Records
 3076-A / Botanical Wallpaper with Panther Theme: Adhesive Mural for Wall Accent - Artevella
--
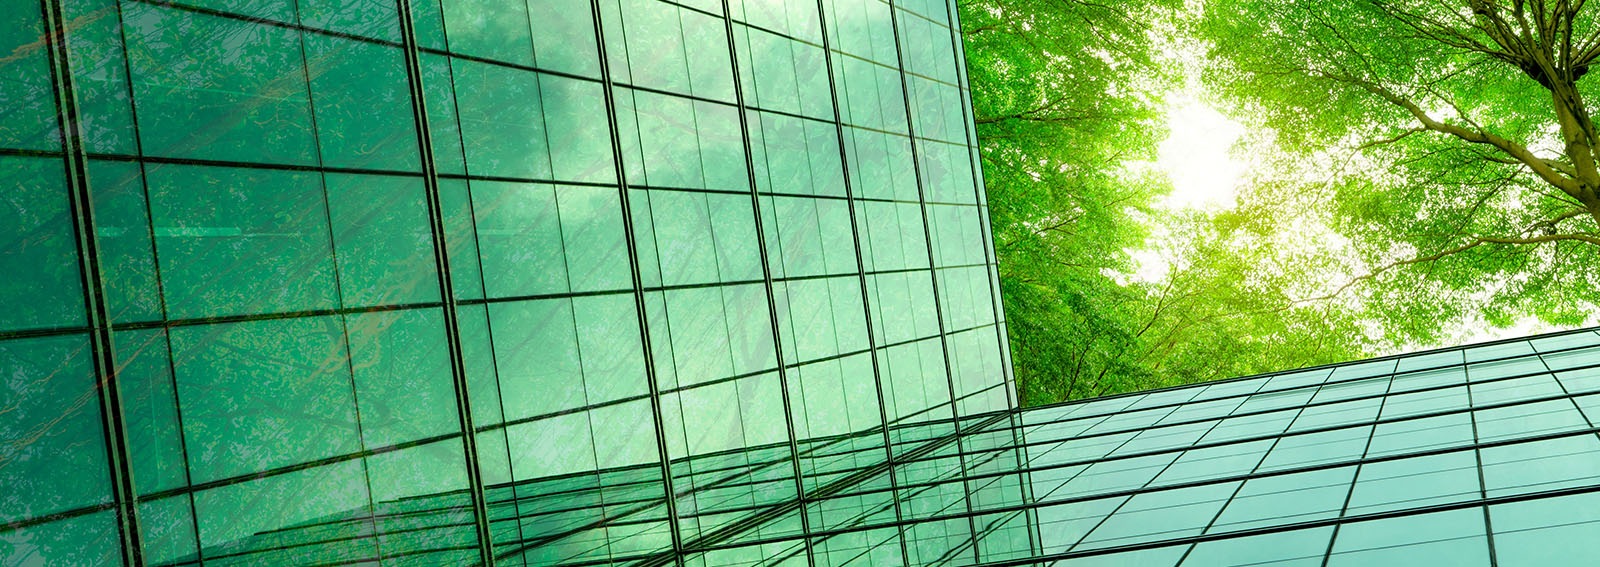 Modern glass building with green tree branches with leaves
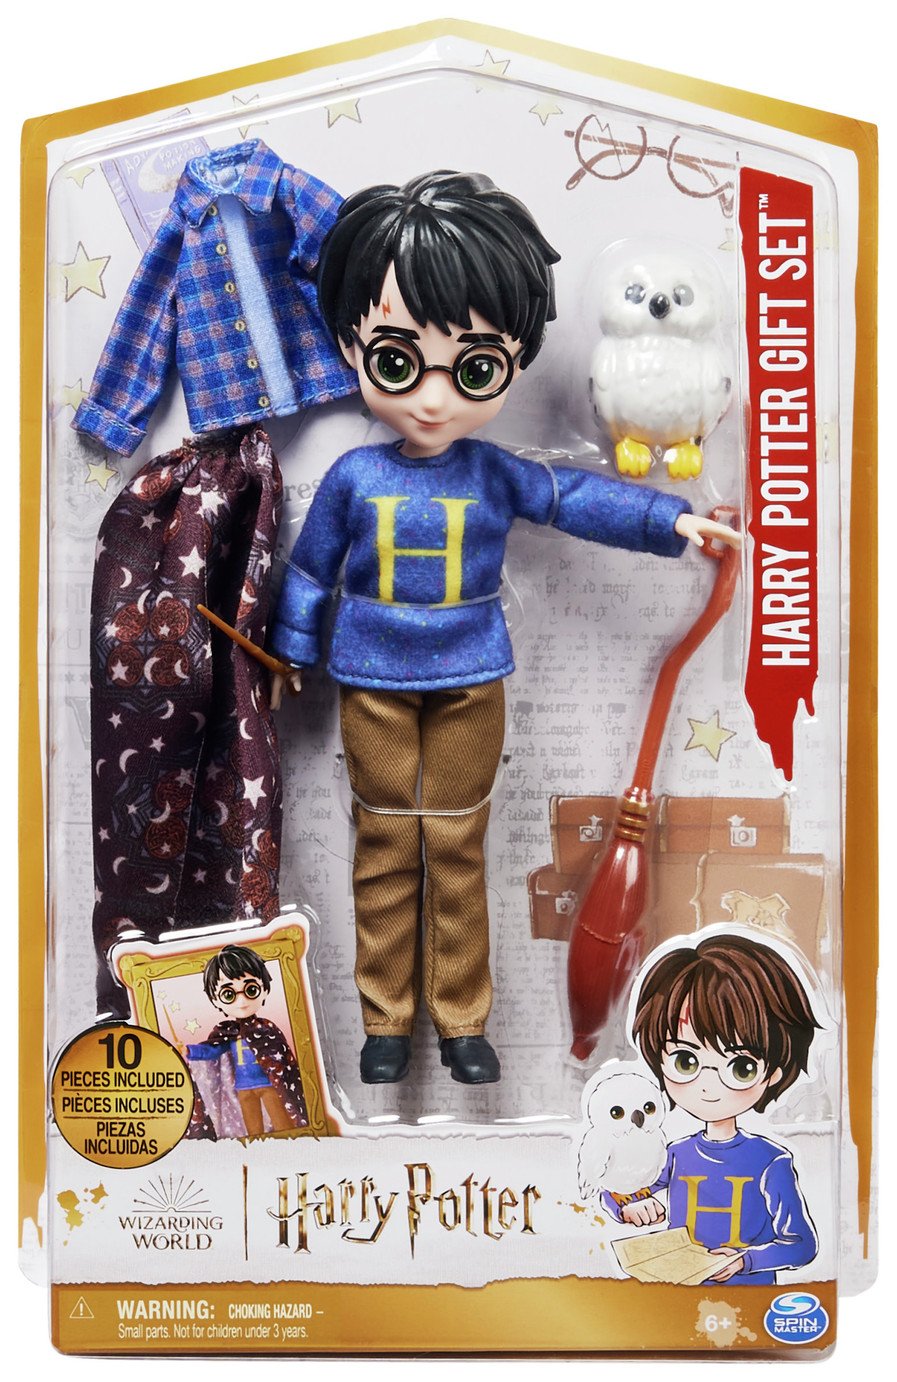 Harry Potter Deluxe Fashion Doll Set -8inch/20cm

Exercise
Transcribe, word for word, the lines of the listing above from the one that contains "Modern glass building" through the one that contains "Harry Potter Deluxe", keeping both ends and dropping the pictures.

Result of the task
 Modern glass building with green tree branches with leaves
 Harry Potter Deluxe Fashion Doll Set -8inch/20cm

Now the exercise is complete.